2 - Avó aprende a ler com o neto na pandemia por meio de aula virtual

Personagens: Marlene e Eduardo Hinckel

Durante a pandemia, devido às restrições e necessidade de aulas on-line, o neto Eduardo Hinckel, 7 anos, ensina a avó Marlene, 63 anos, a ler e escrever. A alfabetização com amor uniu ainda mais essa família. “Eu estava no fundo do poço, vim lá do interior, de chinelo, trabalhei na lavoura e hoje estou aqui, recebendo esse prêmio. Foi na pandemia que eu me realizei e aprendi aquilo que eu mais queria: escrever e ler. Nunca é tarde para aprender.” comenta Marlene.

 

3 - Adolescente de SC faz crochê para complementar a renda da família

Personagem: André Luiz Müller

Aos 13 anos de idade, André aprendeu crochê com a avó e a Internet para complementar a renda familiar. “Além de ser uma arte muito bonita, ela é uma terapia, você se desestressa e coloca todo o teu sentimento nela.”, comenta André.
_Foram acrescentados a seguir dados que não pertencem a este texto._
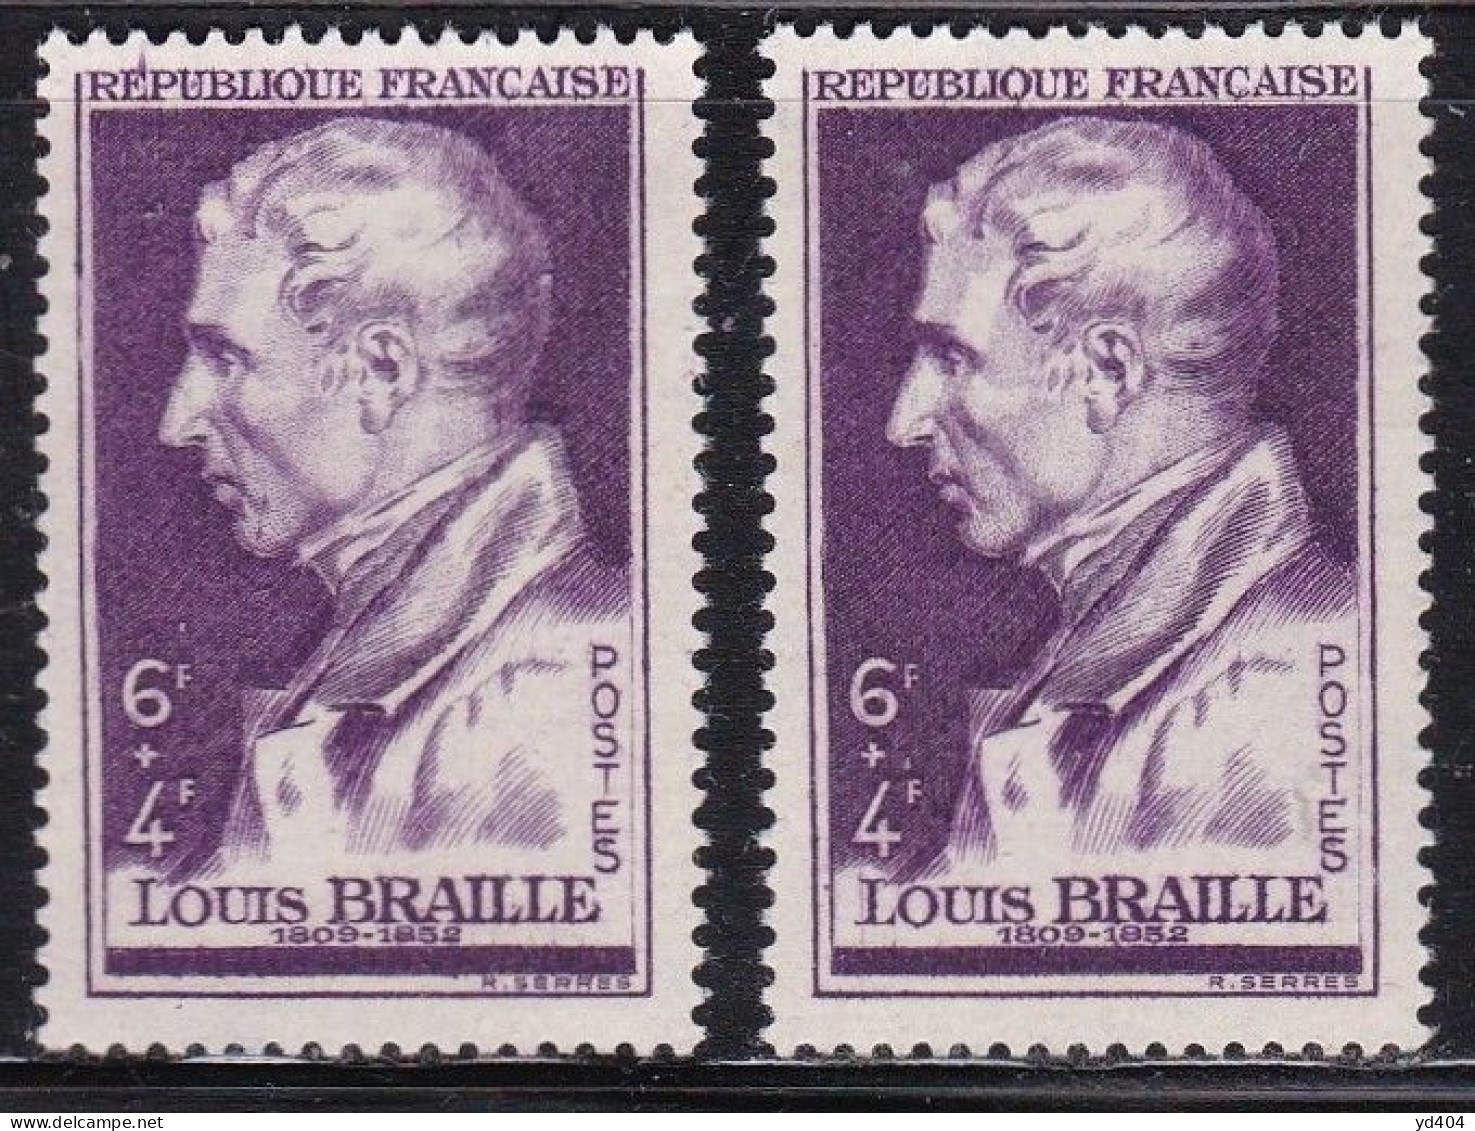 FR7143 - FRANCE – 1947 – L. BRAILLE - Y&T # 793(x2) MNH - Ungebraucht

Um hobbie que desde o ano passado ajuda a trazer dinheiro para dentro de casa, onde a mãe, Luciane Aparecida Simão, que teve Paralisia Infantil tem dificuldade para conseguir emprego. “Eu sinto muito orgulho do André e tudo que ele faz pela nossa família.” diz Luciane.

 

4 - Geladeira Solidária

Personagem: Gustavo Aguiar dos Santos

Gustavo, de apenas 7 anos, criou uma geladeira solidária que une quem pode ajudar a quem precisa de ajuda. A geladeira foi instalada às margens da Avenida Getúlio Vargas, em Araranguá. “A melhor parte é sempre de poder ajudar as pessoas.” comenta o pequeno.

 

5 - Crianças vendem limonada para ajudar hospital de Santa Catarina

Personagens: Alice Weiss e Davi Santana

Duas crianças de apenas 8 anos tiveram a ideia de promover uma ação para ajudar financeiramente o hospital de Campos Novos, no meio-oeste catarinense. Os primos Alice e Davi venderam uma jarra de limonada em 4 horas e destinaram os R$38 arrecadados ao hospital. Mesmo sendo um valor simbólico mostra a grandiosidade da ação dessas crianças.